Таллис медленно поднялся. Шея была исцарапана, колено ушиблено. Кухонный пол покрыт осколками и желтоватой вонючей кашей скисшего молока. Подняв разбитую пополам бутылку, он швырнул ее в раковину, и она разлетелась на кучу мелких осколков.

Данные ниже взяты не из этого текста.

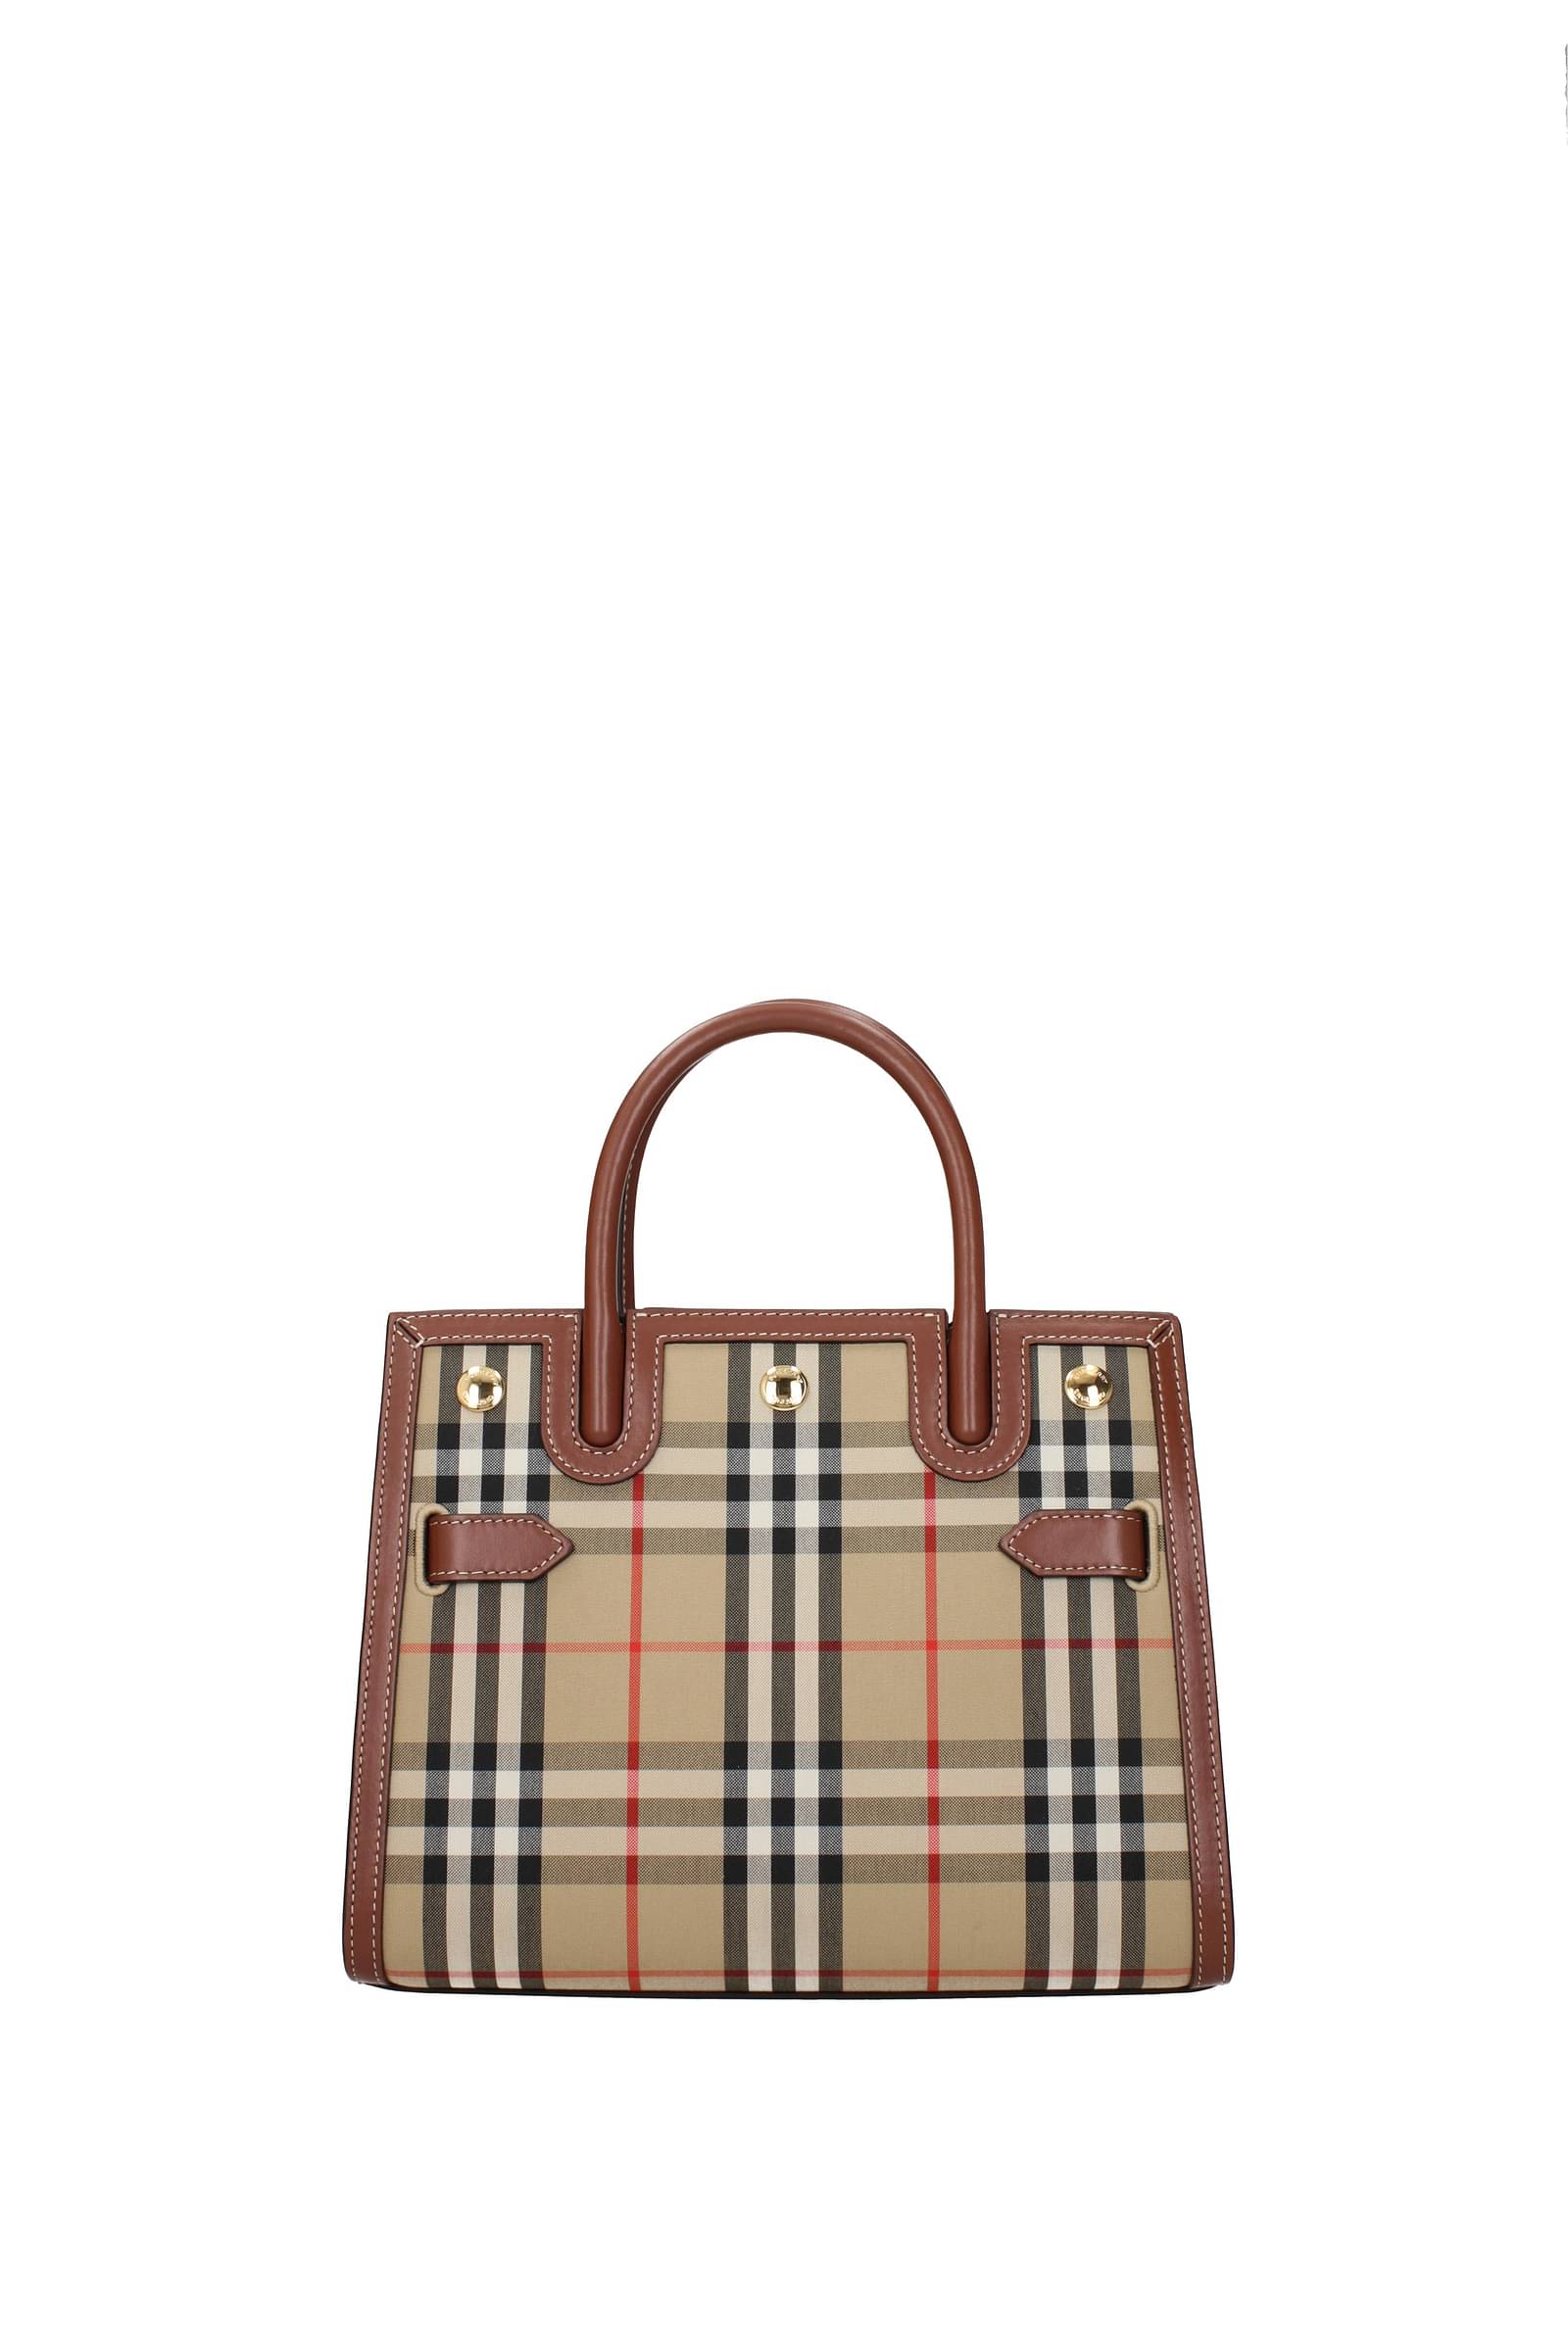 Burberry - The Orchard | Burberry handbags, Burberry bag, Bags
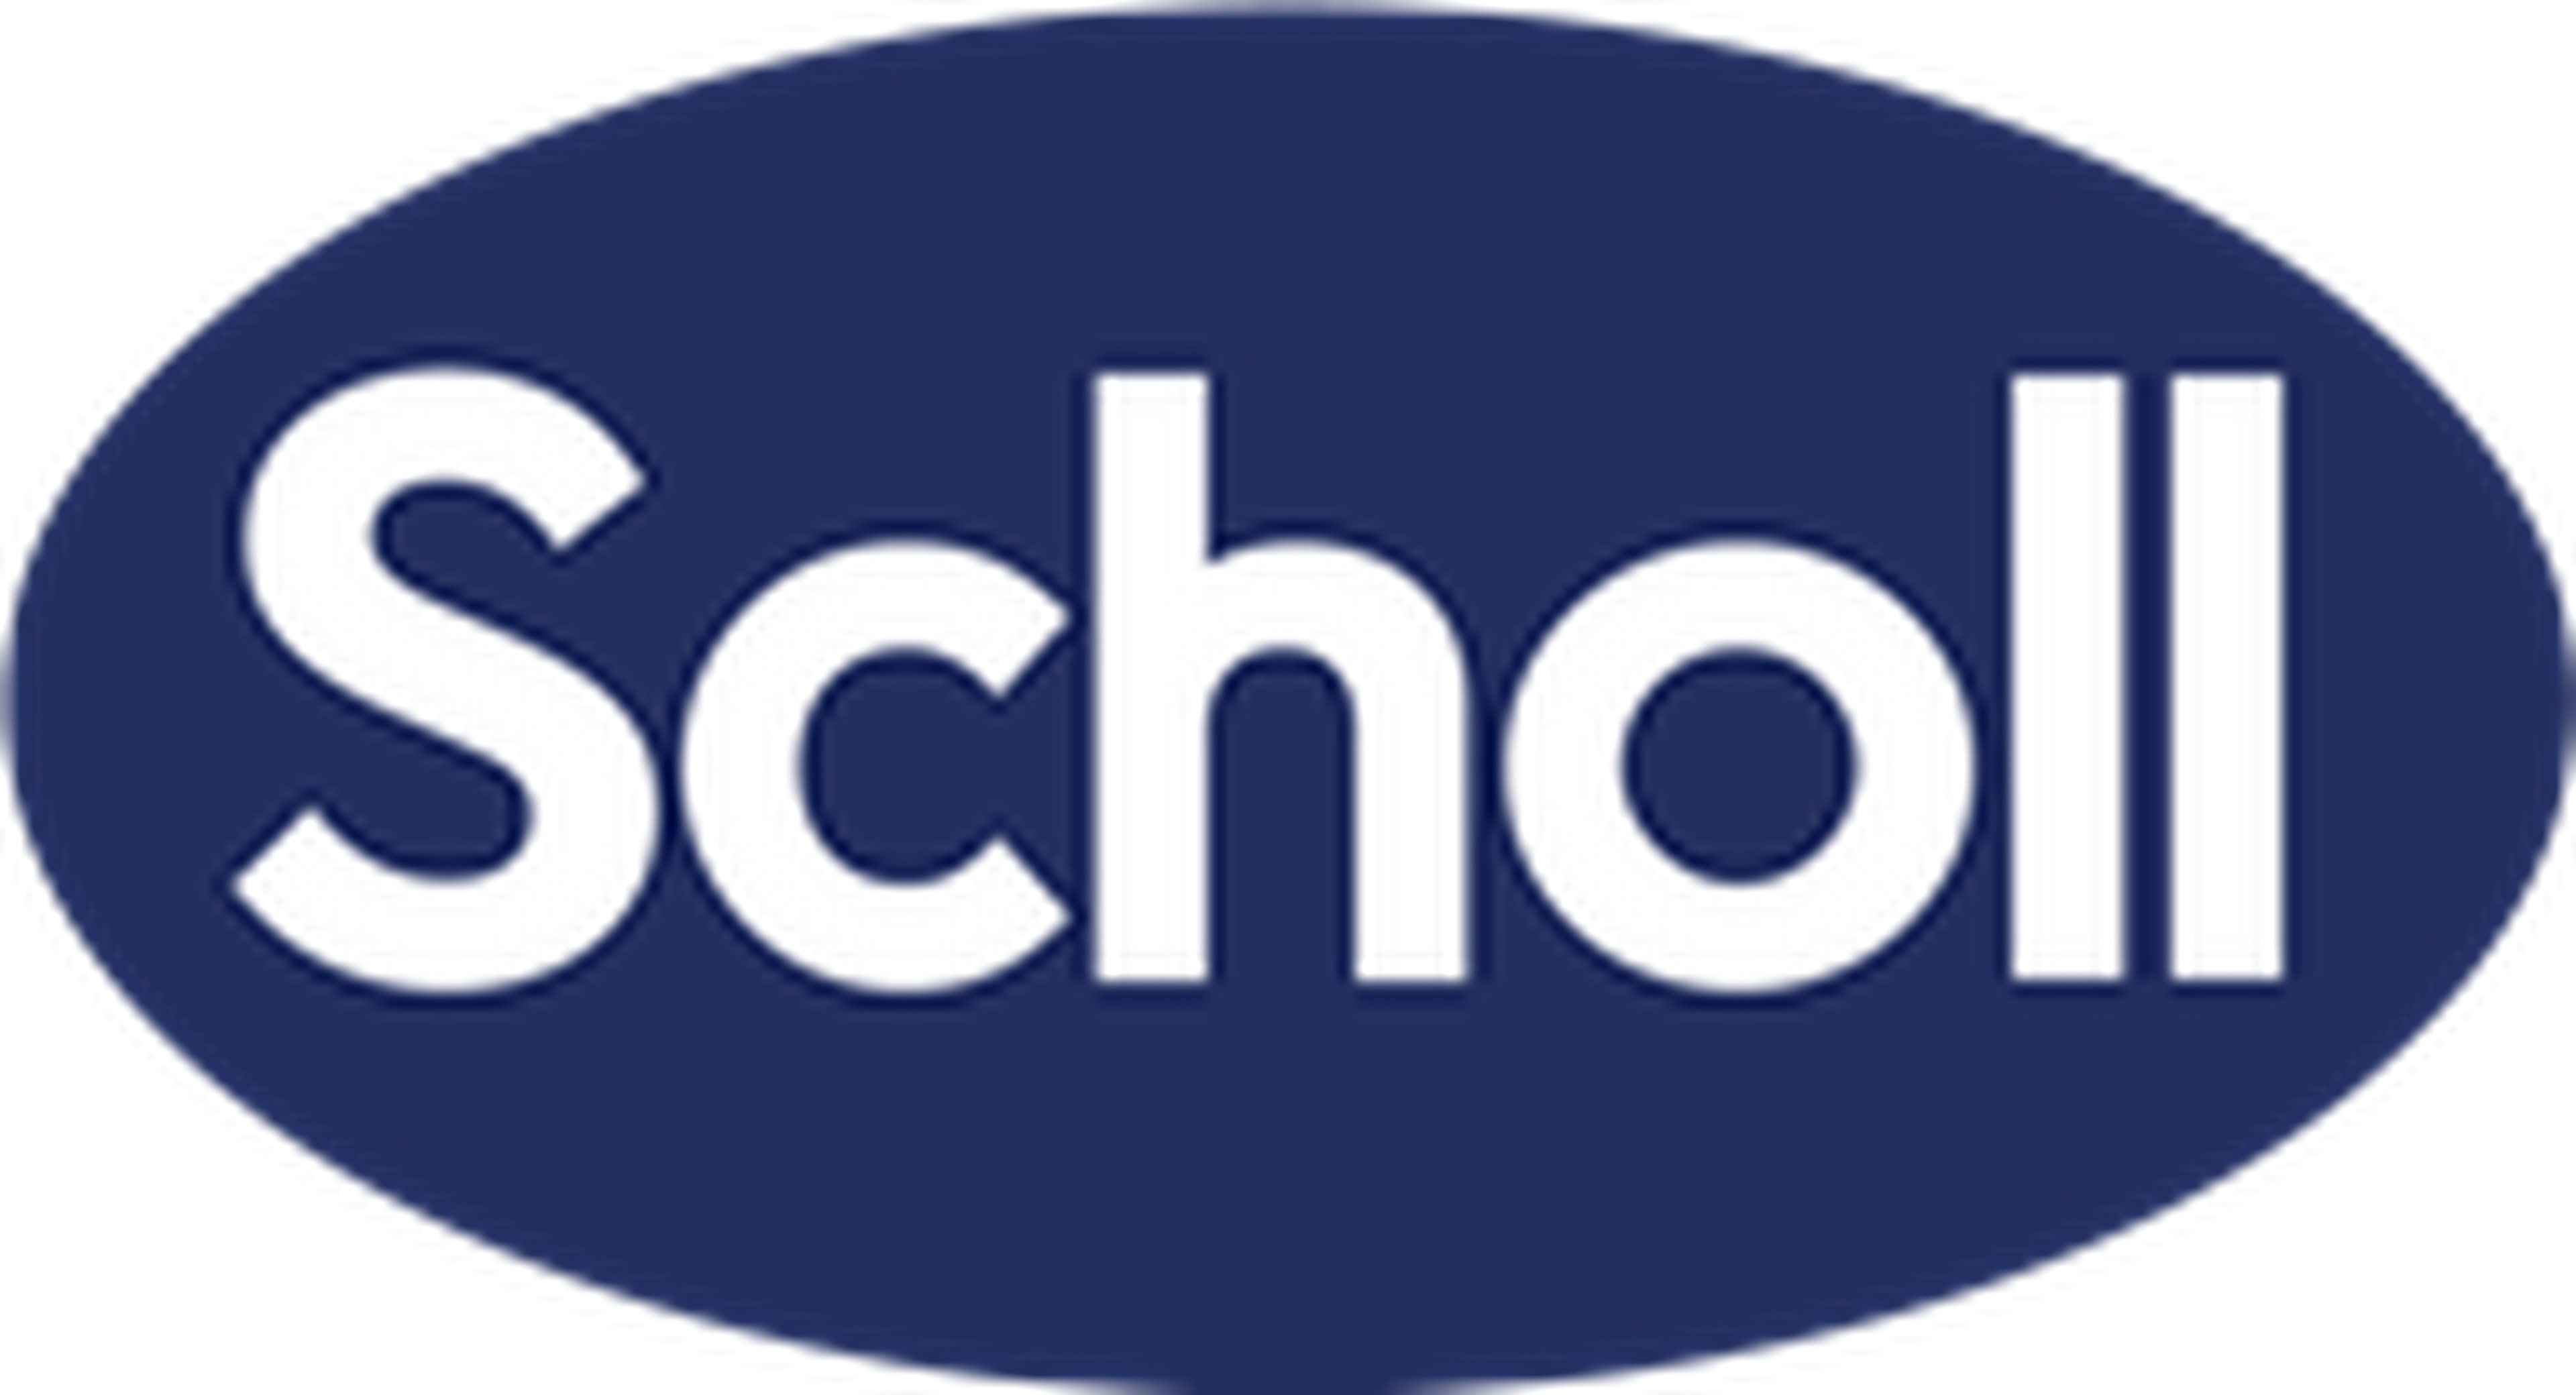 Scholl logotype

Наклонившись, он принялся собирать раскатившиеся янтарные бусины и засовывать их в карманы брюк.
— Кхм, э-э, простите… — В дверях стоял молодой круглолицый очкарик в нейлоновом плаще и с черным чемоданчиком в руках.
— А вам что нужно? — огрызнулся Таллис, собирая бусины.
— Простите… Я, наверно, лучше подожду… Мне нужно было поговорить с вами…
— О чем? — Таллис зашвырнул в раковину еще одну молочную бутылку.
— Я новый врач.
— Господи! — Таллис выпрямился. — Простите. Вы уже были у отца?
— Да.
— Простите, — повторил Таллис. — Присаживайтесь. У него сильные боли.